- Born: 1949 (age 76–77) Timmins, Ohio, U.S.
- Occupations: Film director, television director, television writer, and author
- Years active: 1984–present

= Janet Greek =

American director and screenwriter

Janet Greek (born 1949 in Timmins, Ohio) is an American director and writer of film and television. She is best known for her directorial work on the science fiction series Babylon 5.

==Career==
As a television director, Greek's credits include St. Elsewhere, L.A. Law, Max Headroom, The Outsiders, Over My Dead Body, Northern Exposure, The Burning Zone, Melrose Place, Xena: Warrior Princess, and the Babylon 5 spin-off Crusade. She also wrote two episodes of the series Renegade.

In 1983, Greek directed the music video for "Ricky", "Weird Al" Yankovic's first official music video.

In 1986, she made her feature film directorial debut directing the film The Ladies Club (credited as A.K. Allen) starring Karen Austin and Diana Scarwid, followed by the film Spellbinder (1988) starring Tim Daly and Kelly Preston. She previously directed a short film entitled Just My Luck (1984).

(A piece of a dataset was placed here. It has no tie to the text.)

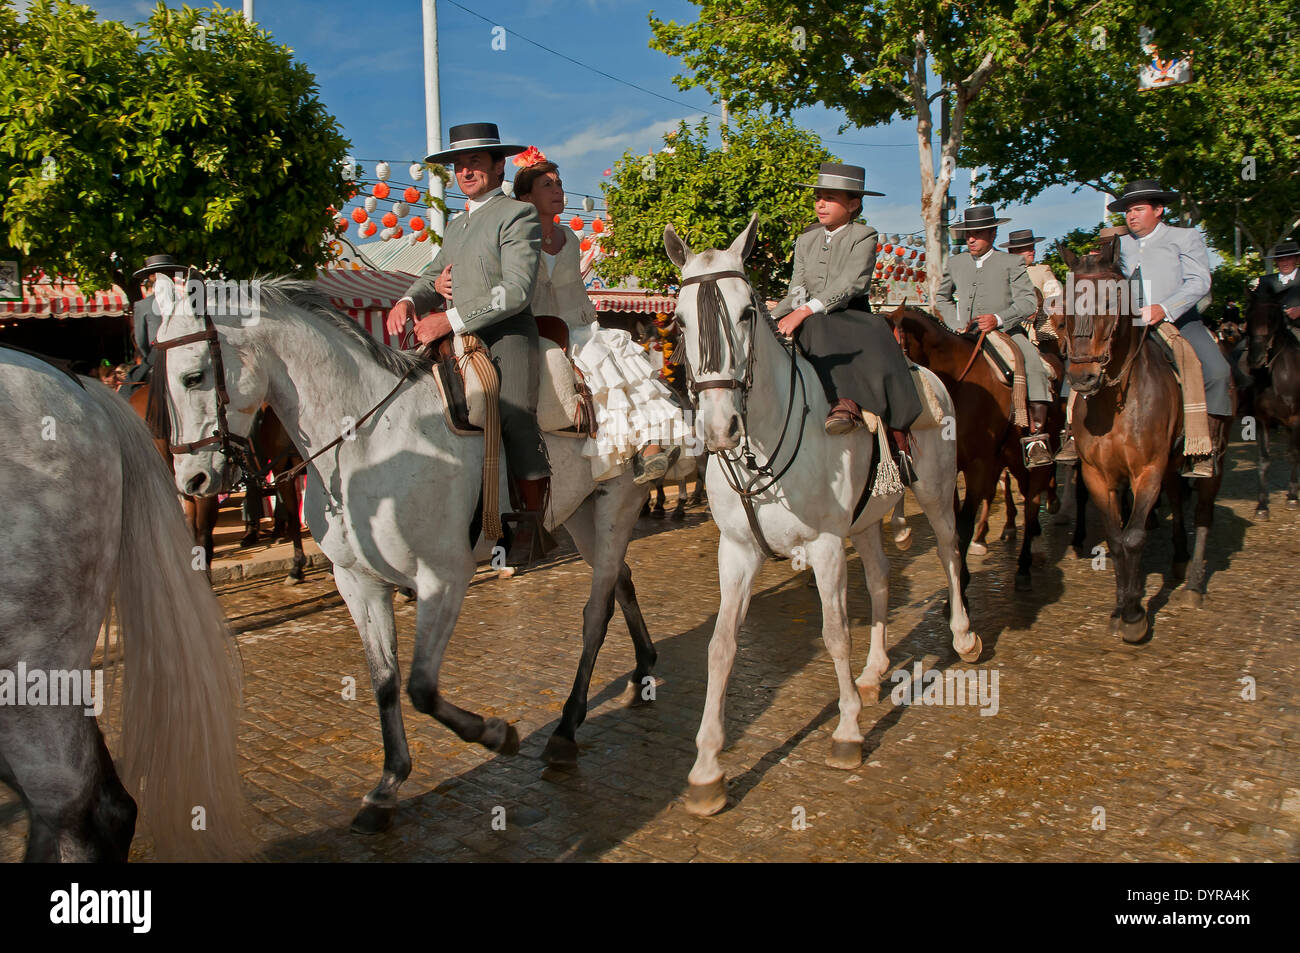 Feria de Abril, jinetes montando a caballo con los tradicionales trajes de flamenca, Sevilla. Región de Andalucía, España, Europa Foto de stock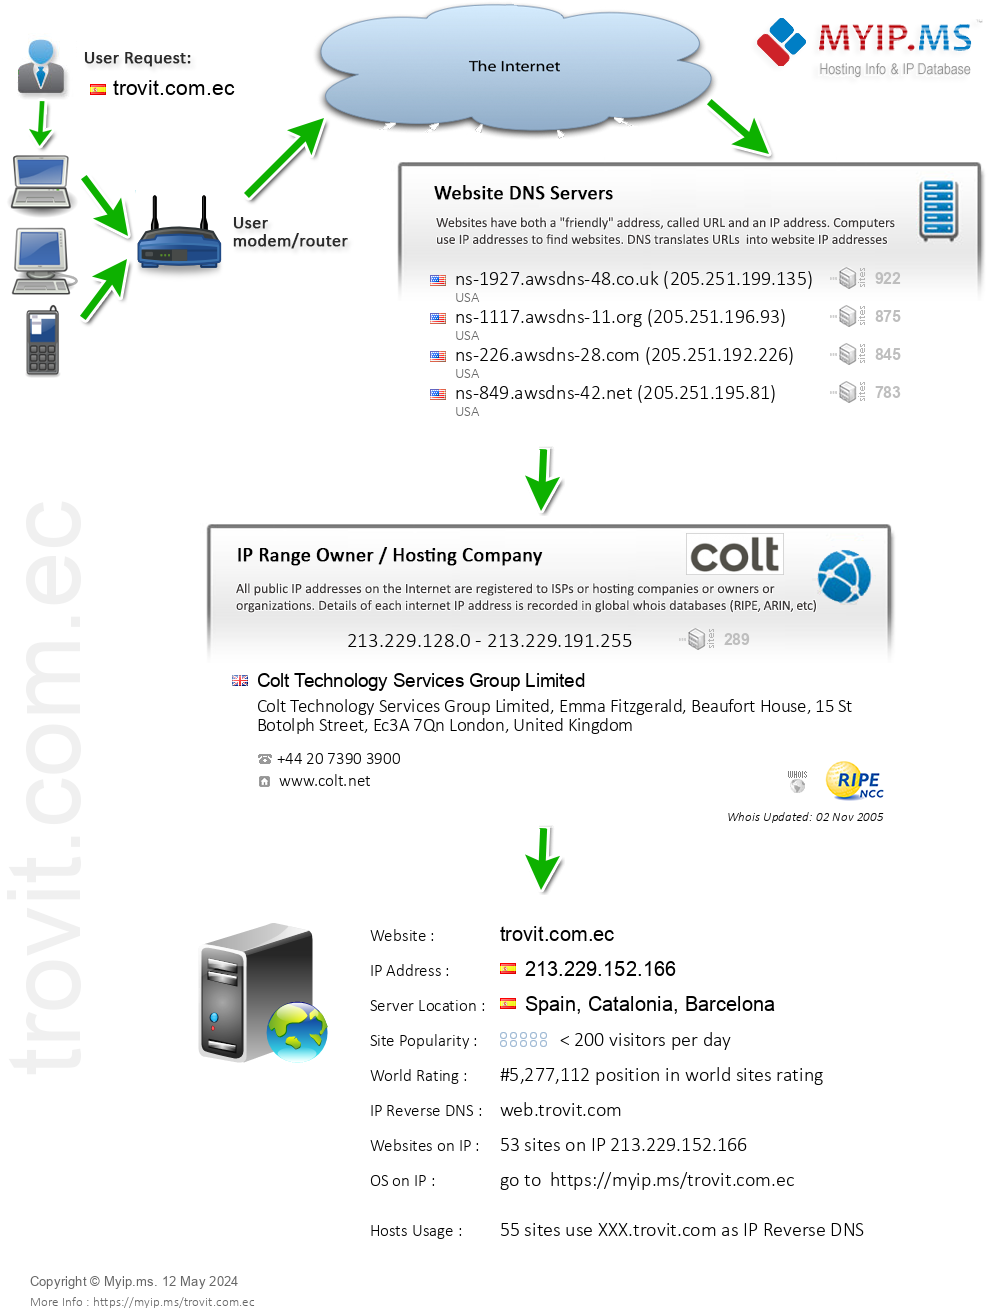 Trovit.com.ec - Website Hosting Visual IP Diagram

In 2006, Greek published her first book entitled The Divorce Planner: Self-defense for Women When They Need It Most. She wrote the book after going through two divorces and the stress she encountered not being prepared for them.

In recent years, Greek has taught seminars on directing and screenwriting at universities in the United States and Canada. She is a member of both the Directors Guild of America and the Writers Guild of America.